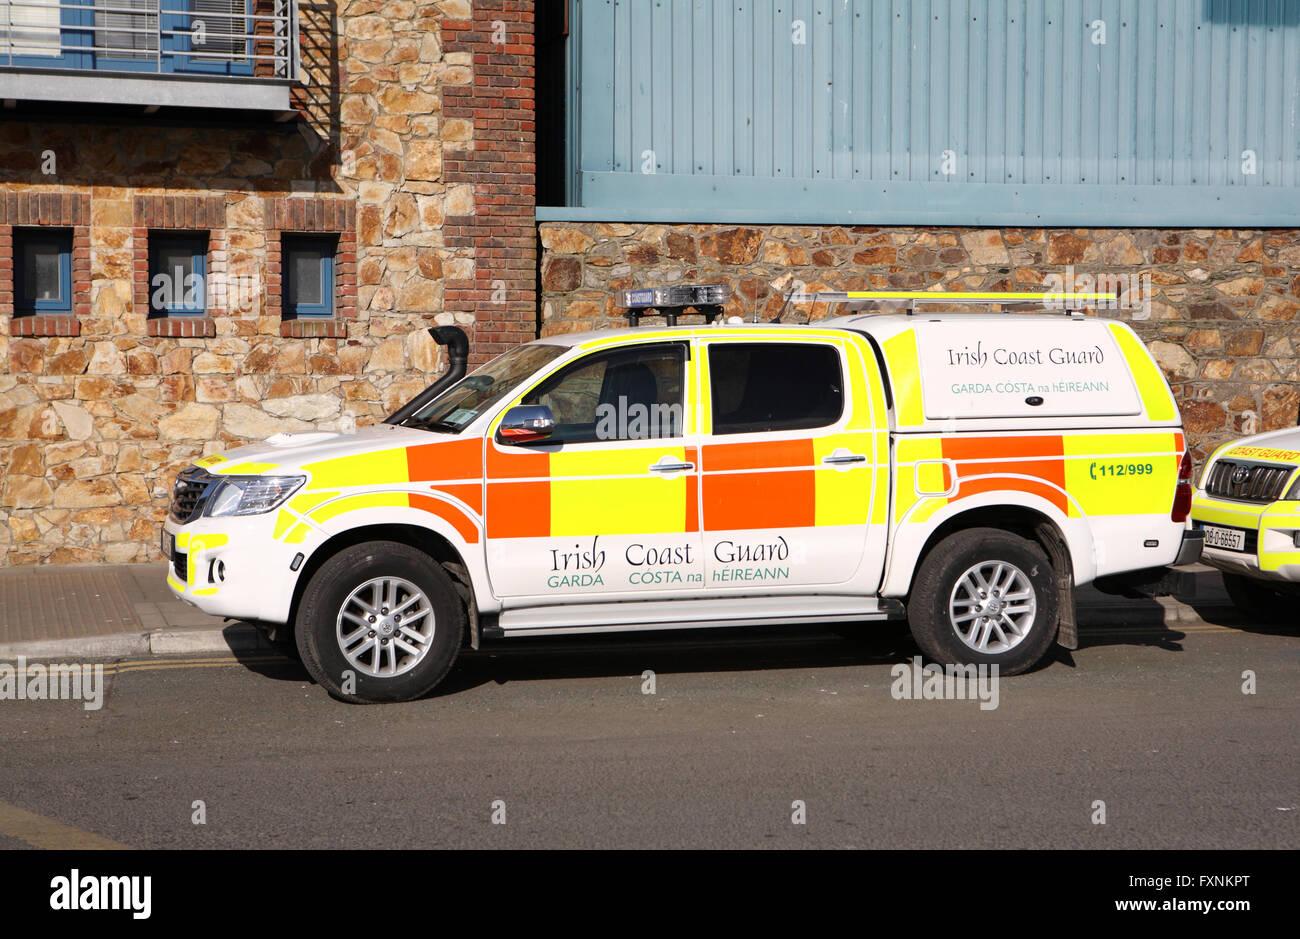 Irish coast guard rescue vehicle - Stock Image
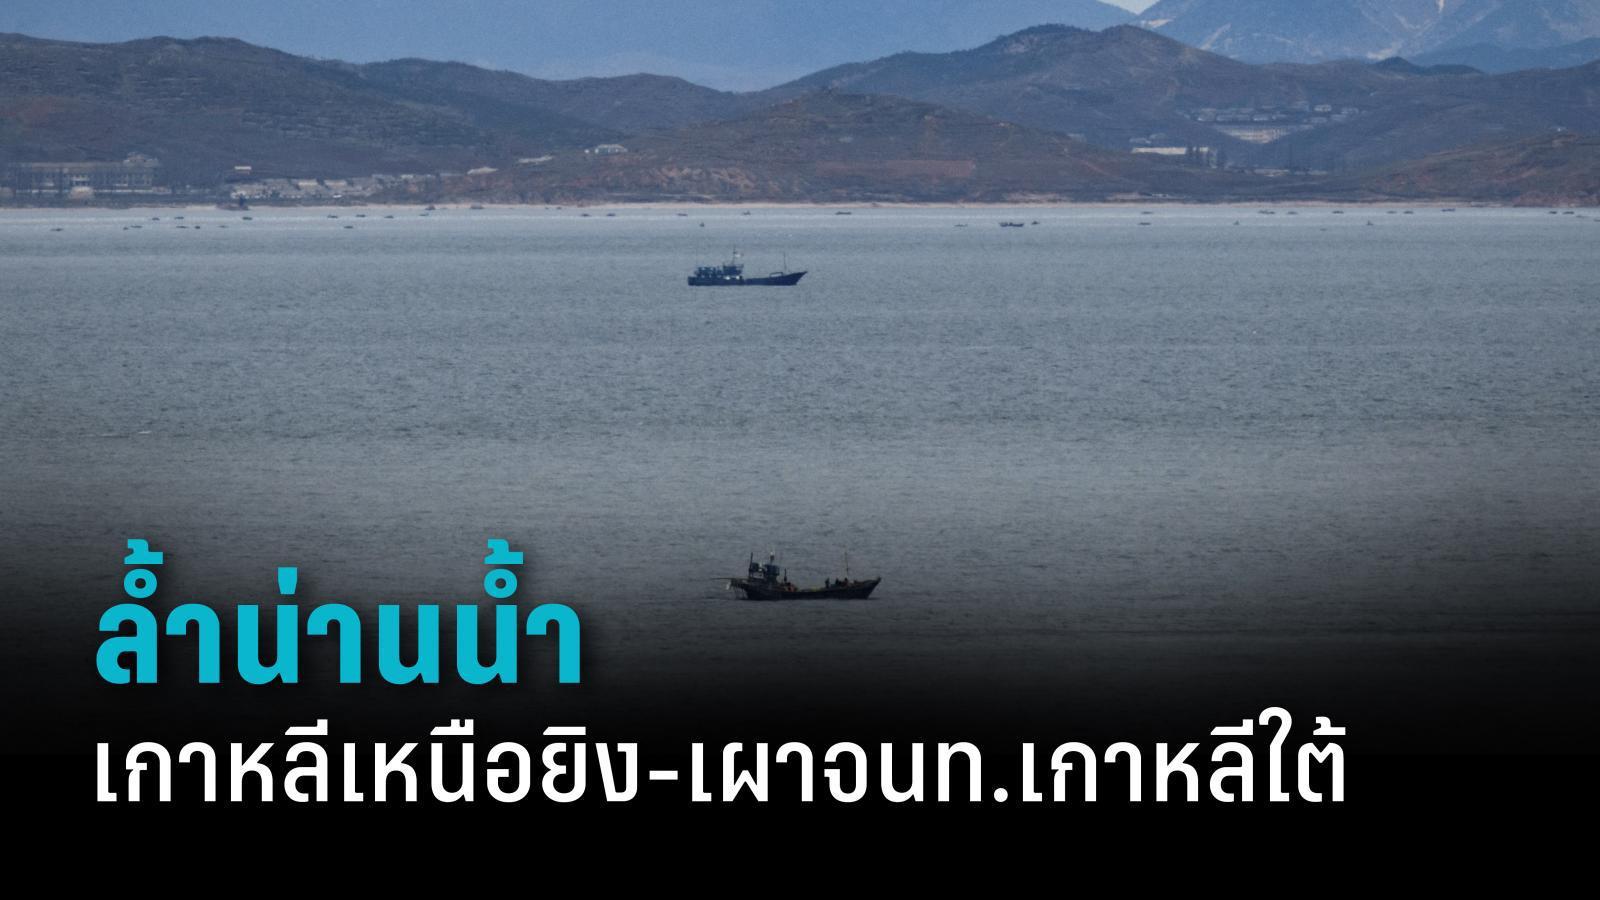 คุกรุ่น! เกาหลีเหนือสังหารเจ้าหน้าที่ประมงเกาหลีใต้ล้ำน่านน้ำ
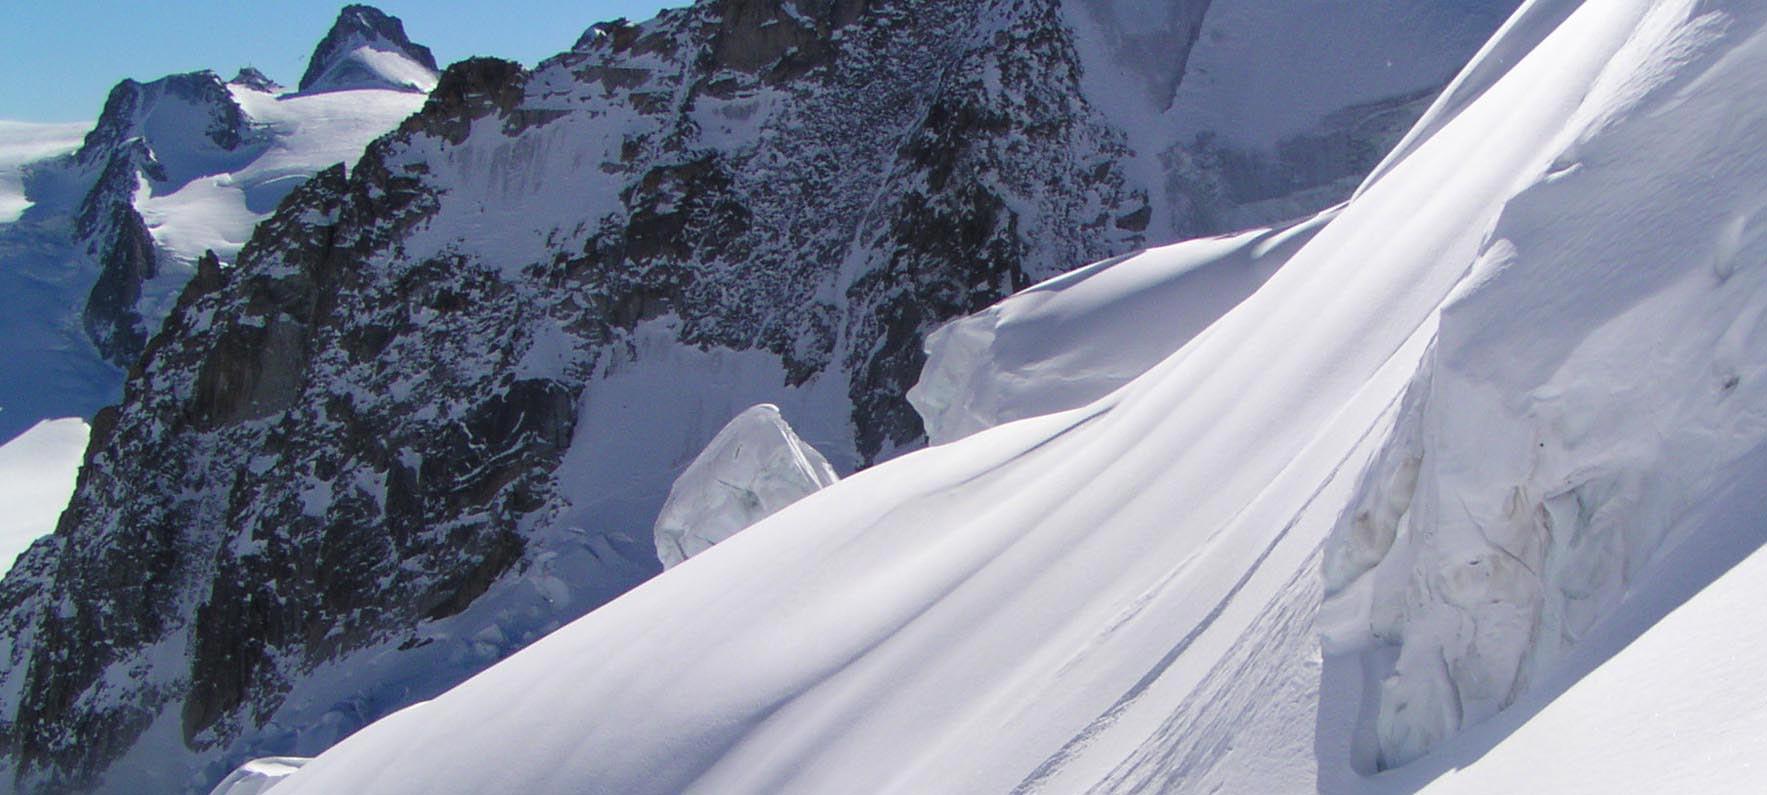 Le Ski à Chamonix
──────
* **WORK REQUIRED**
The reply must consist of the complete listing, reproduced exactly, with no images.

* **WRITTEN SOLUTION**
 Irish coast guard rescue vehicle - Stock Image
 คุกรุ่น! เกาหลีเหนือสังหารเจ้าหน้าที่ประมงเกาหลีใต้ล้ำน่านน้ำ
 Le Ski à Chamonix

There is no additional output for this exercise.